Even though Dixon was never charged -- or even questioned -- he hasn't received that type of verbal backing from anyone in Missouri. In fact, a source close to Dixon said the university wouldn't even allow him to take online coursework during the spring semester.

And numerous head coaches told ESPN.com that Missouri athletic director Mike Alden is usually critical of Dixon when prospective schools call seeking permission to talk to the 6-foot-1 guard.

"[Alden] shredded him to my AD -- just absolutely shredded him," one Division I head coach told ESPN.com last month.

Still, it appears Memphis, Baylor, East Carolina and other schools are comfortable enough with Dixon -- arguably one of the country's top 10 point guards heading into next season -- to give him another chance.

As a junior in 2011-12, Dixon averaged 13.5 points and 3.3 assists per game off the bench for a Missouri squad that finished 30-5. Multiple media outlets tabbed Dixon as the national sixth man of the year, and he likely would have contended for first-team All-SEC honors had he been allowed to play in 2012-13.

Dixon's best attribute, however, might be his toughness and fire.

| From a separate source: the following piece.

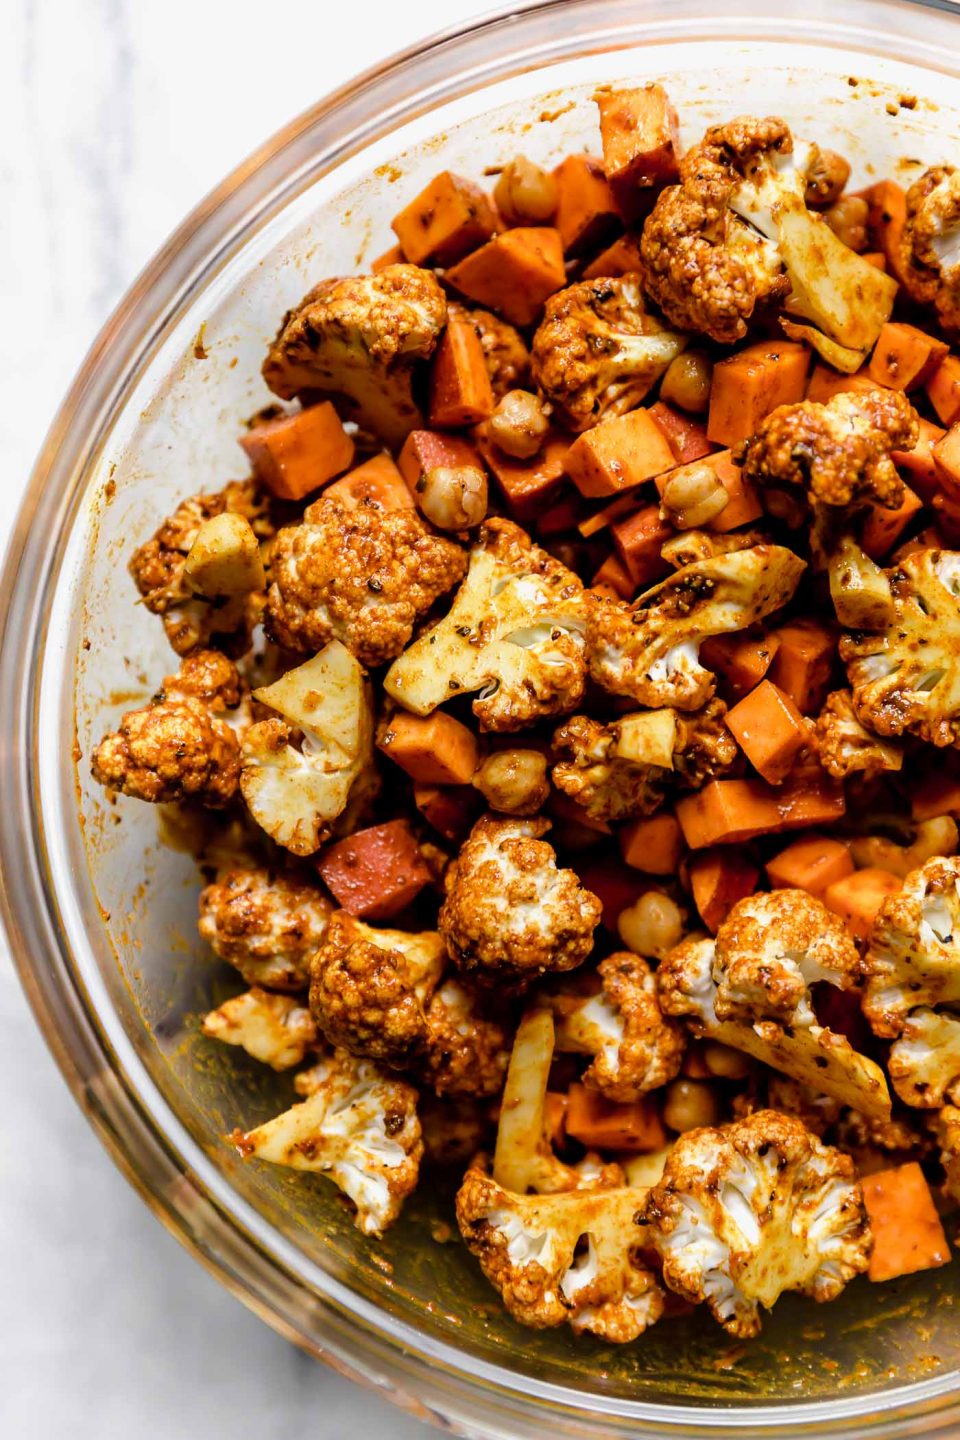 Sweet potato, cauliflower and chickpeas are tossed in shawarma marinade inside of a large glass bowl.
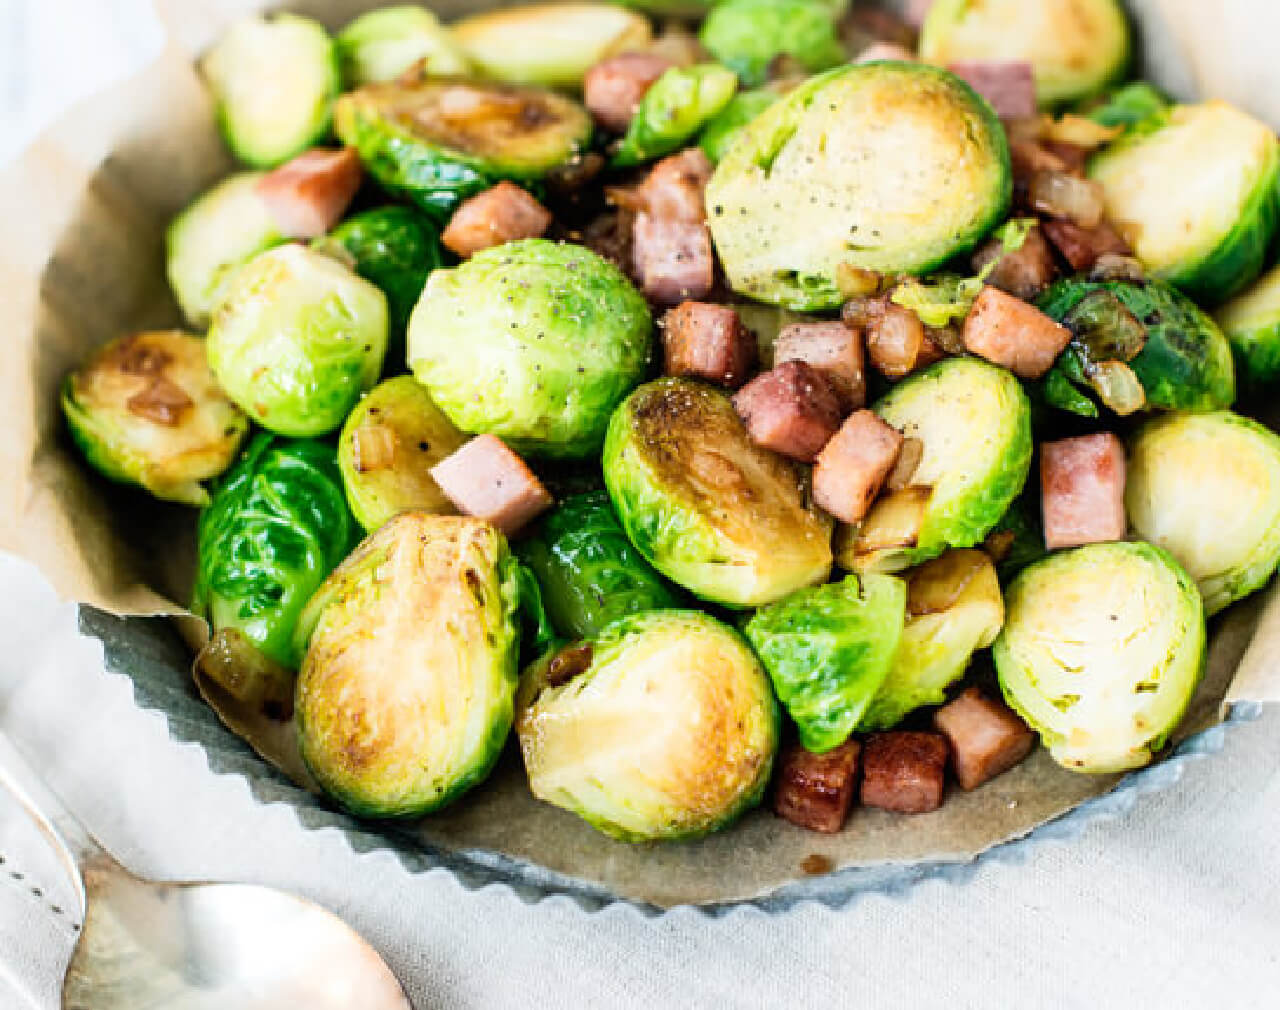 Stir-fried Brussel Sprouts and Ham

He tends to be at his best in clutch situations and is known to play as hard in practice as he does in games.

"A coach will never be able to say that Mike is dogging it or that he isn't working hard or going full speed," English said. "Everything he does is at game speed. He's a grinder. He's fearless. He's the best teammate I ever had.

"Mike wants to win a national championship. I don't see him going to a Tennessee Tech or anything. I see him going to a place where he can compete for a national title."

Memphis (No. 15) and Baylor (No. 19) are both ranked in ESPN.com's top 25 heading into next season. Adding Dixon likely would cause either squad to jump several spots.

At Memphis, Dixon would join a loaded backcourt that includes veterans Joe Jackson, Chris Crawford and Geron Johnson. With a relatively inexperienced frontcourt, Tigers coach Josh Pastner could employ a four-guard lineup to make the best use of his team's skill and athleticism on the perimeter.

At Baylor, Dixon would be a shoo-in to replace departed Big 12 scoring leader Pierre Jackson. The rest of the Bears' lineup is stacked with Isaiah Austin, Cory Jefferson and Ricardo Gathers returning in the paint and Brady Heslip and Gary Franklin back on the wing.

Dixon has declined multiple interview requests over the past two months. His father also has declined to discuss his off-court situation but said Tuesday that the past six months have been taxing on his family.

"We'll all heal a little bit as family if he can get back on the court," Dixon Sr. said. "We're ready for a fresh start."